Project

General

Profile

Actions

Bug #4811

closed

incorrect shutdown: mon/MonMap.h: 160: FAILED assert(mon_addr.count(n))

Added by Denis kaganovich about 11 years ago. Updated almost 11 years ago.

Status:
Resolved
Priority:
Urgent
Assignee:
Category:
Monitor
Target version:
-
% Done:

0%

Source:
Development
Tags:
Backport:
Regression:
Severity:
3 - minor
Reviewed:
Affected Versions:
ceph-qa-suite:
Pull request ID:
Crash signature (v1):
Crash signature (v2):

Description

Monitor unable to start after incorrect shutdown. First happened on busy node with swapoff -a (twice), on older version it was long time unable to init mon. Now - after power loss, last "next" give assertion after some attempts to run.

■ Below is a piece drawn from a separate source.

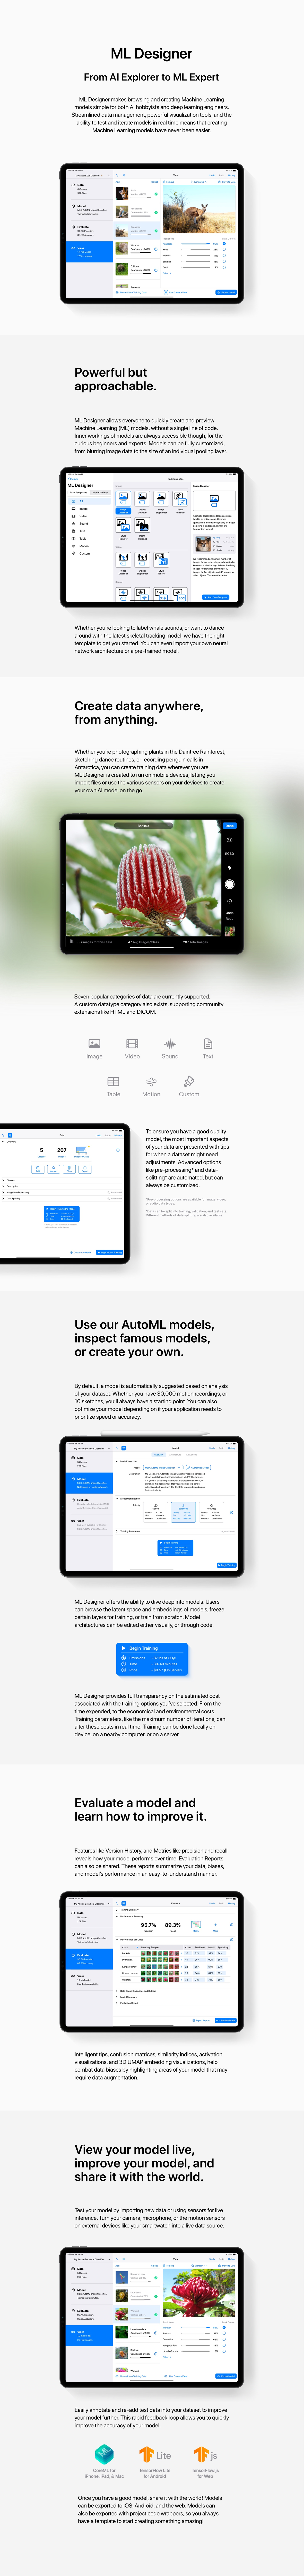 ML-Designer-Machine-Learning-Create-Concept.jpg

Resolved by recreating unconnected monitor: removed store.db, then
ceph mon getmap -o /tmp/monmap && ceph-mon -i 4 --mkfs --monmap /tmp/monmap

IMHO looks like paxos inconsistent, not repaired state.

Level 10 log attached.


Files

ceph-mon.4.log (114 KB) ceph-mon.4.log Denis kaganovich, 04/25/2013 12:25 AM
ceph-mon.1.log (424 KB) ceph-mon.1.log Denis kaganovich, 04/25/2013 04:44 PM
ceph-mon.3.log (356 KB) ceph-mon.3.log Denis kaganovich, 04/25/2013 07:35 PM
Actions #1

Updated by Denis kaganovich about 11 years ago

PS About 2 previous failures: I just think about RAM limit. It just was so: busy node, long running, swapoff -a (but a lot of RAM "cached", monitor not RAM-aggressive (usually), I use tcmalloc & libatomic, even disable large pages to tcmalloc on this single busy node), twice monitor (single) was absent without any messages anywere, Just no ceph-mon once apon a time. After it monitor unable to start again in similar manner. But now I sure can provide info above, about power failure.

Actions #2

Updated by Denis kaganovich about 11 years ago

Sorry for flooding (this is my morning):

Last failure (on different node then first 2), between power-on and this log generating, node was slowdown and fast frozen (pinging) & rebooted via button: IMHO something eat RAM/swap. Possible (but unsure) this bug prefixed by memory bombing, probably - from monitor (there no time to lookup). (now swapoff on all 3 nodes)

Actions #3

Updated by Ian Colle about 11 years ago

  • Priority changed from Normal to Urgent
Actions #4

Updated by Greg Farnum about 11 years ago

  • Category set to Monitor
Actions #5

Updated by Sage Weil about 11 years ago

Just to clarify: this failed startup is happening only after you did the manual repair (remove store.db, replace monmap)?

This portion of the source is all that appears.